0. What version are you using? Aren't you running out of resources?

1. As @SanjayReddy already mentioned, check the log ($SPLUNK_HOME/var/log/splunk/splunkd.log)

2. If the log doesn't show anything "reasonable" (i.e. you see normal operation logs and then the file is abruptly cut), check if there is any file matching crash-*.log in the same directory. It might show the cause of the crash.

3. The UF very rarely crashes on its own. Check the release notes from your version and subsequent ones to see if there are known bugs which could be affecting you.

daniaabujuma · ‎05-08-2023

Dear @PickleRick and @SanjayReddy

Thanks for replying.

I have checked the following:

Splunk Universal Forwarder for Windows version: 9.0.4 . The release notes state that one of the fixed issues is UF crash on EventLoop::run assert rv > 0 ( https://docs.splunk.com/Documentation/Splunk/9.0.4/ReleaseNotes/Fixedissues ).

I have checked splunkd.log on one of the servers where Splunk has crashed, but unfortunately, I haven't found something reasonable. Here is a part of the logs:

04-16-2023 09:23:34.477 +0300 INFO  TailingProcessor [12784 MainTailingThread] - Adding watch on path: C:\Program Files\SplunkUniversalForwarder\etc\splunk.version.

04-16-2023 09:23:34.477 +0300 INFO  TailingProcessor [12784 MainTailingThread] - Adding watch on path: C:\Program Files\SplunkUniversalForwarder\var\log\splunk.

04-16-2023 09:23:34.477 +0300 INFO  TailingProcessor [12784 MainTailingThread] - Adding watch on path: C:\Program Files\SplunkUniversalForwarder\var\log\watchdog.

04-16-2023 09:23:34.477 +0300 INFO  TailingProcessor [12784 MainTailingThread] - Adding watch on path: C:\Program Files\SplunkUniversalForwarder\var\run\splunk\search_telemetry.

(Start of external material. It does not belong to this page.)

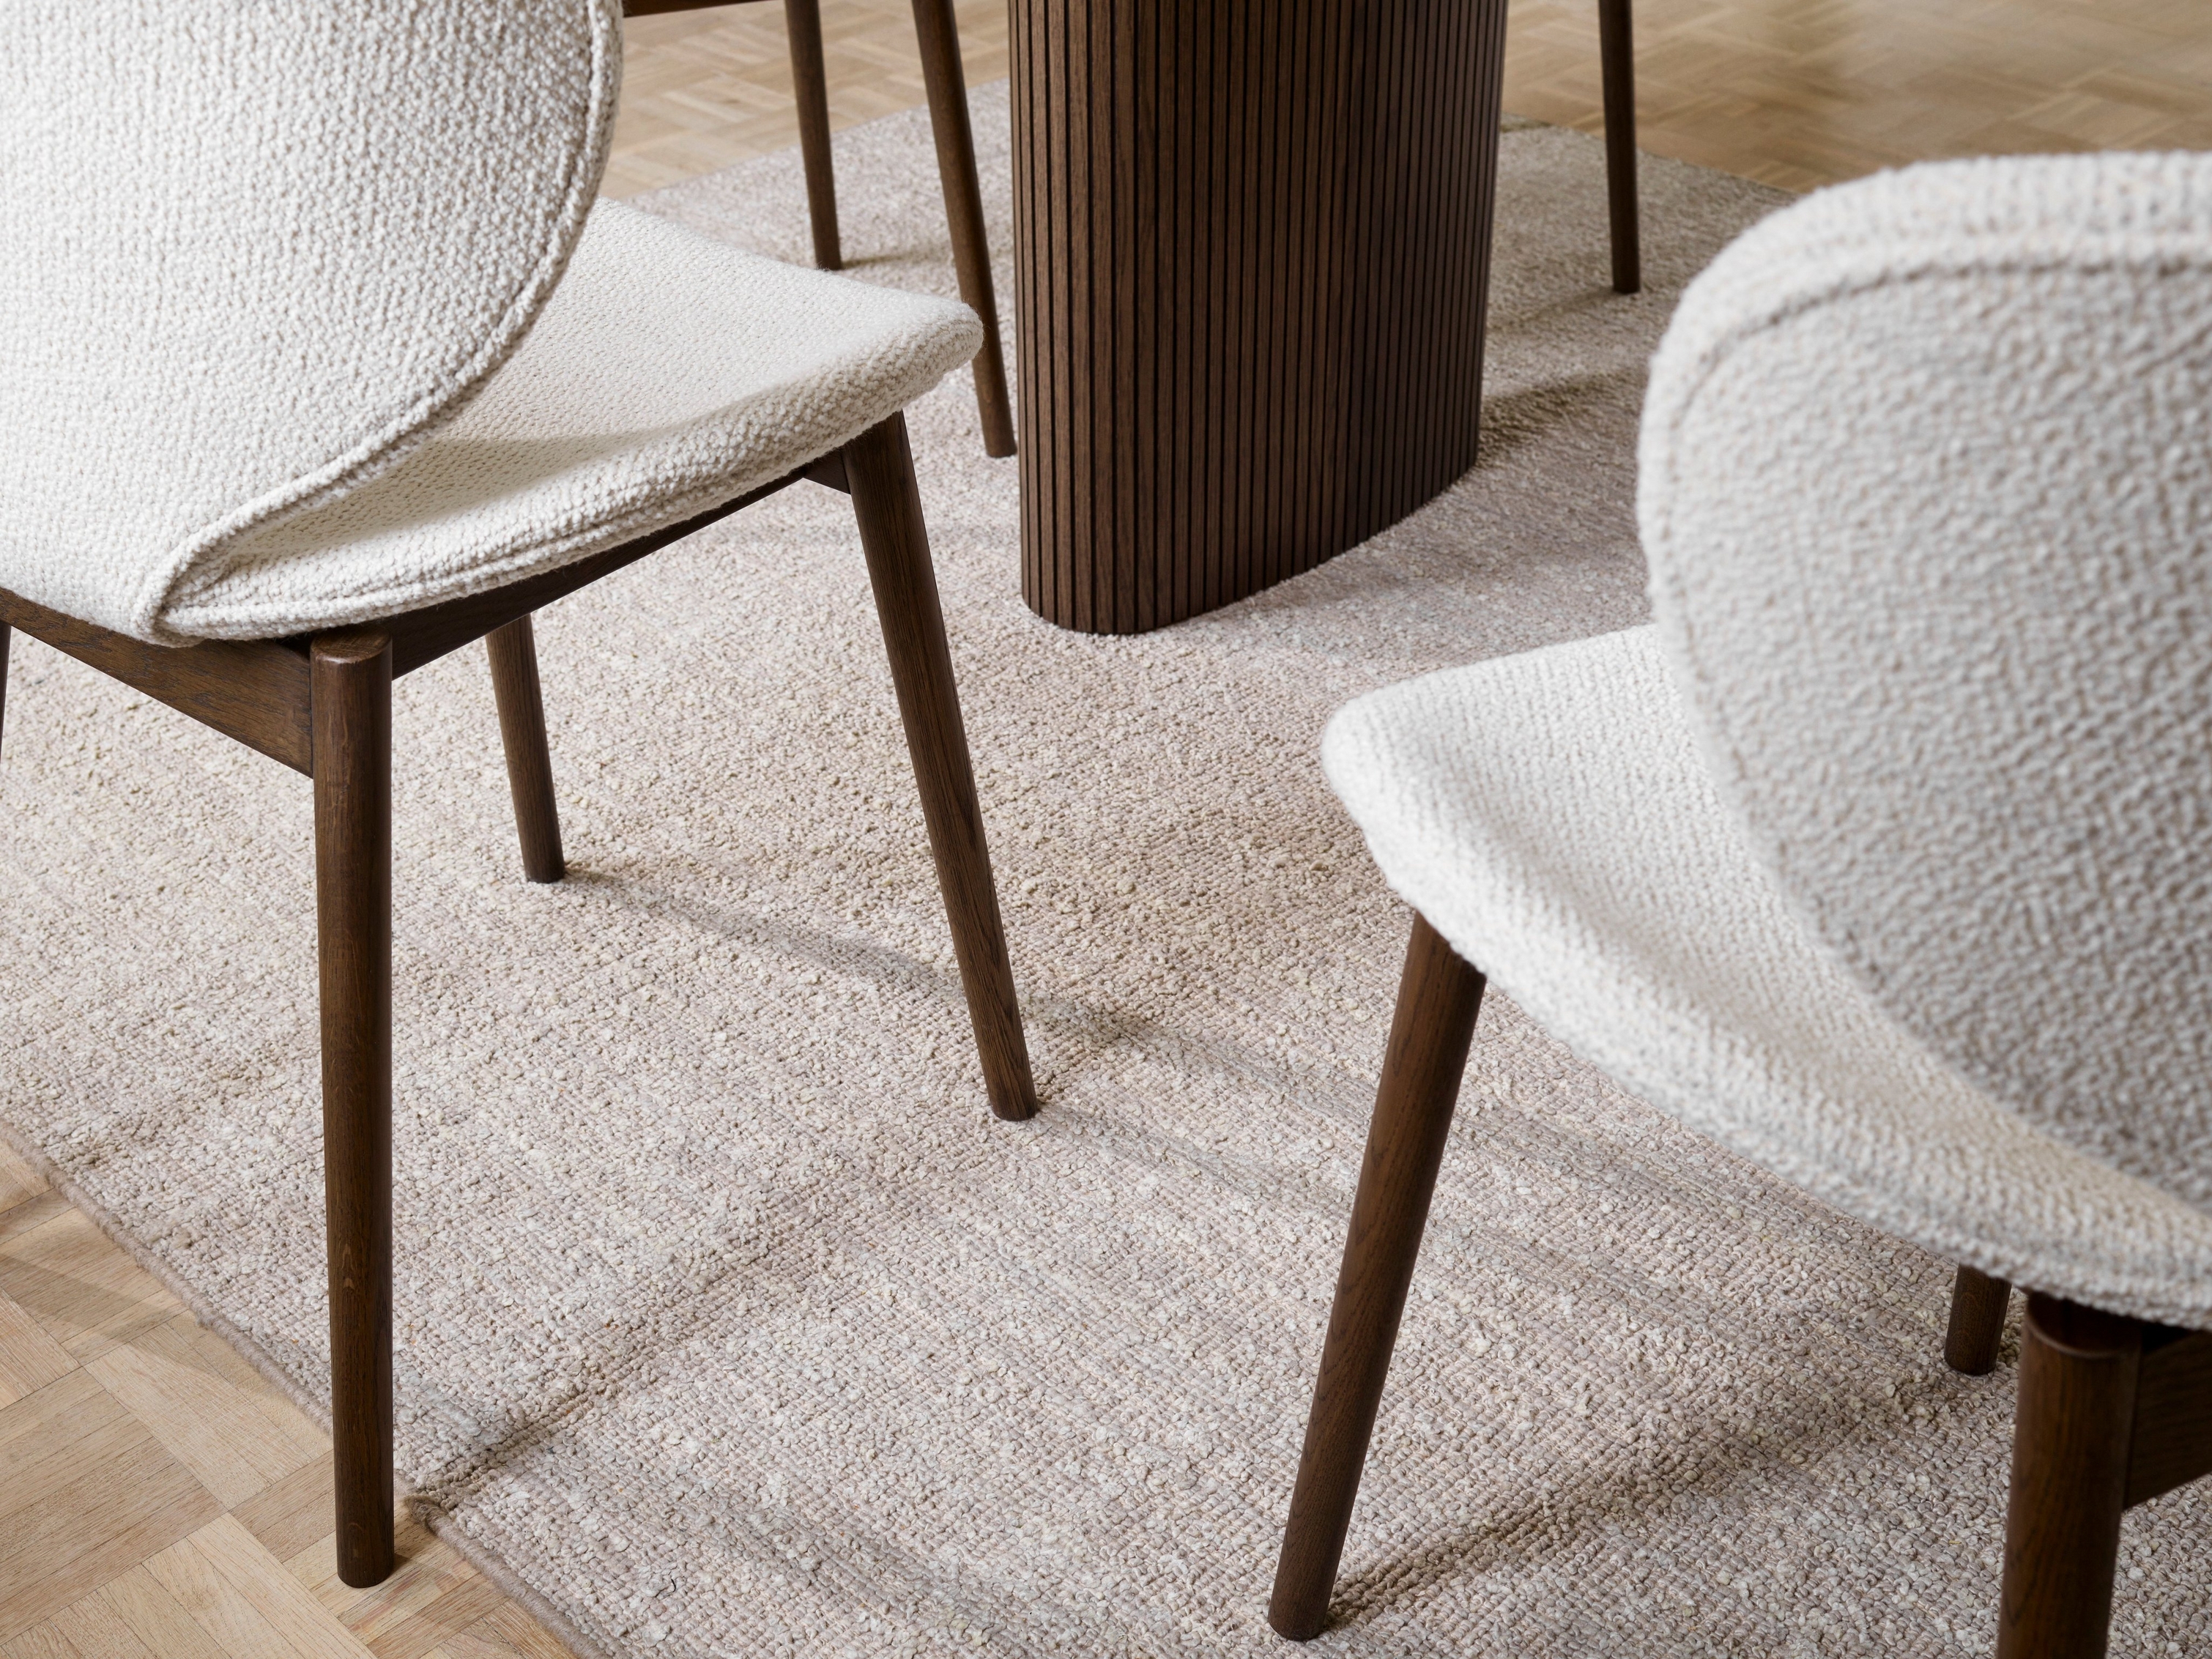 Textured Hamilton chairs and carpet with a wooden table, focused on floor detail.

04-16-2023 09:23:34.477 +0300 INFO  TailingProcessor [12784 MainTailingThread] - Adding watch on path: C:\Program Files\SplunkUniversalForwarder\var\spool\splunk.

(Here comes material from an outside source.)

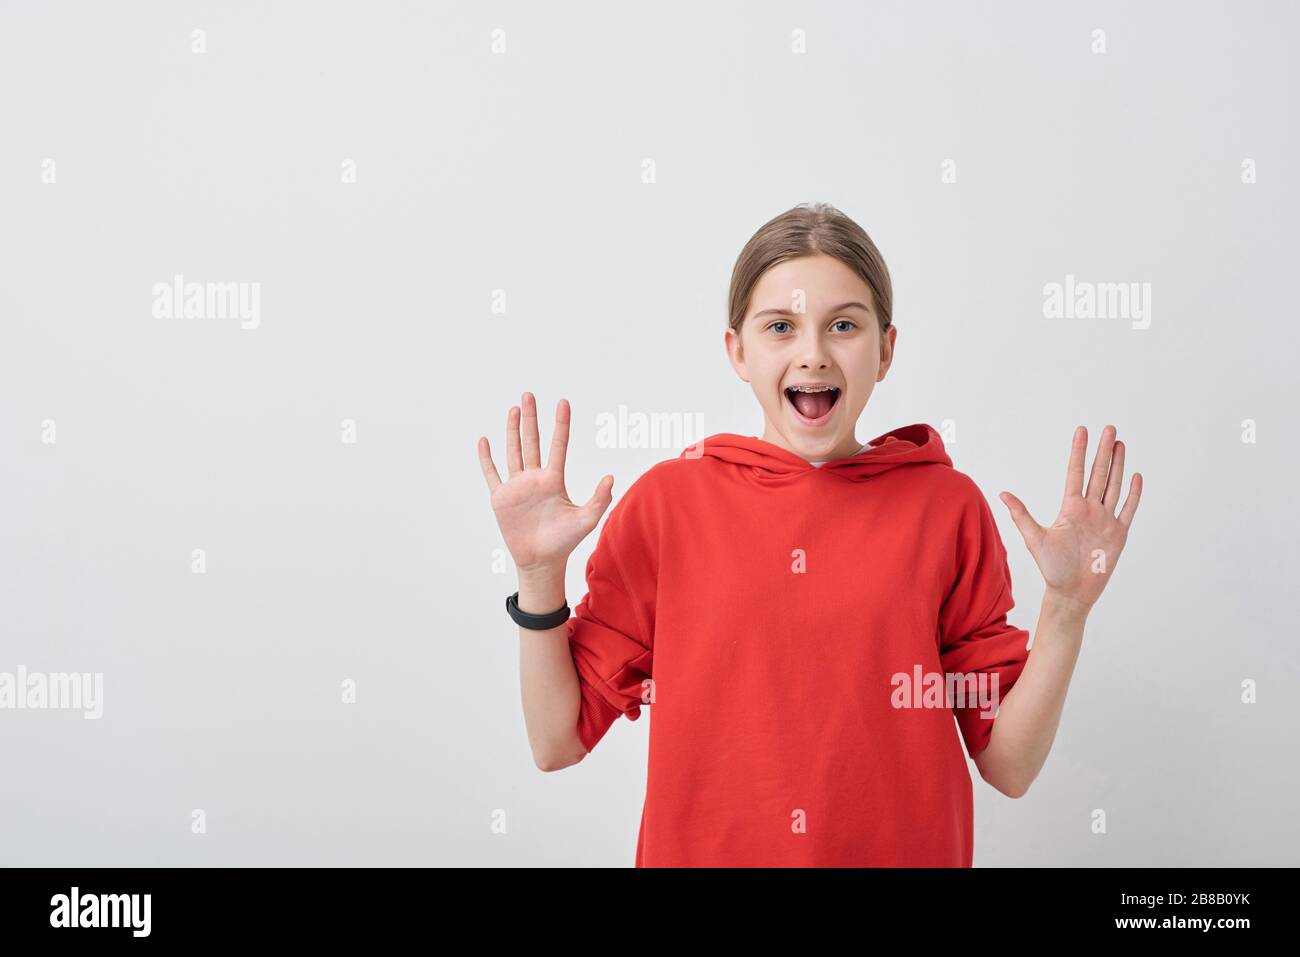 Friendly and cheerful teenage girl in red sweatshirt looking at you with her palms open and expressing gladness over white background Stock Photo

04-16-2023 09:23:34.493 +0300 INFO  TcpOutputProc [12564 parsing] - _isHttpOutConfigured=NOT_CONFIGURED

04-16-2023 09:23:34.493 +0300 ERROR TcpOutputProc [12564 parsing] - LightWeightForwarder/UniversalForwarder not configured. Please configure outputs.conf.

04-16-2023 09:23:34.493 +0300 INFO  ConfigWatcher [11140 SplunkConfigChangeWatcherThread] - SplunkConfigChangeWatcher initializing...

04-16-2023 09:23:34.493 +0300 INFO  ConfigWatcher [11140 SplunkConfigChangeWatcherThread] - Watching path: C:\Program Files\SplunkUniversalForwarder\etc\system\local, C:\Program Files\SplunkUniversalForwarder\etc\system\default, C:\Program Files\SplunkUniversalForwarder\etc\apps, C:\Program Files\SplunkUniversalForwarder\etc\users, C:\Program Files\SplunkUniversalForwarder\etc\peer-apps, C:\Program Files\SplunkUniversalForwarder\etc\instance.cfg

04-16-2023 09:23:34.493 +0300 INFO  ConfigWatcher [11140 SplunkConfigChangeWatcherThread] - Finding the deleted watched configuration files (while splunkd was down) completed in duration=0 secs

04-16-2023 09:23:34.493 +0300 INFO  loader [6504 HTTPDispatch] - Limiting REST HTTP server to 3333 sockets

04-16-2023 09:23:34.493 +0300 INFO  loader [6504 HTTPDispatch] - Limiting REST HTTP server to 1365 threads

04-16-2023 09:23:34.493 +0300 WARN  X509Verify [6504 HTTPDispatch] - X509 certificate (O=SplunkUser,CN=SplunkServerDefaultCert) should not be used, as it is issued by Splunk's own default Certificate Authority (CA). This puts your Splunk instance at very high-risk of the MITM attack. Either commercial-CA-signed or self-CA-signed certificates must be used; see: <http://docs.splunk.com/Documentation/Splunk/latest/Security/Howtoself-signcertificates>

04-16-2023 09:23:34.540 +0300 INFO  UiHttpListener [10672 WebuiStartup] - Web UI disabled in web.conf [settings]; not starting

04-16-2023 09:23:40.524 +0300 WARN  TailReader [5296 tailreader0] - Could not send data to output queue (parsingQueue), retrying...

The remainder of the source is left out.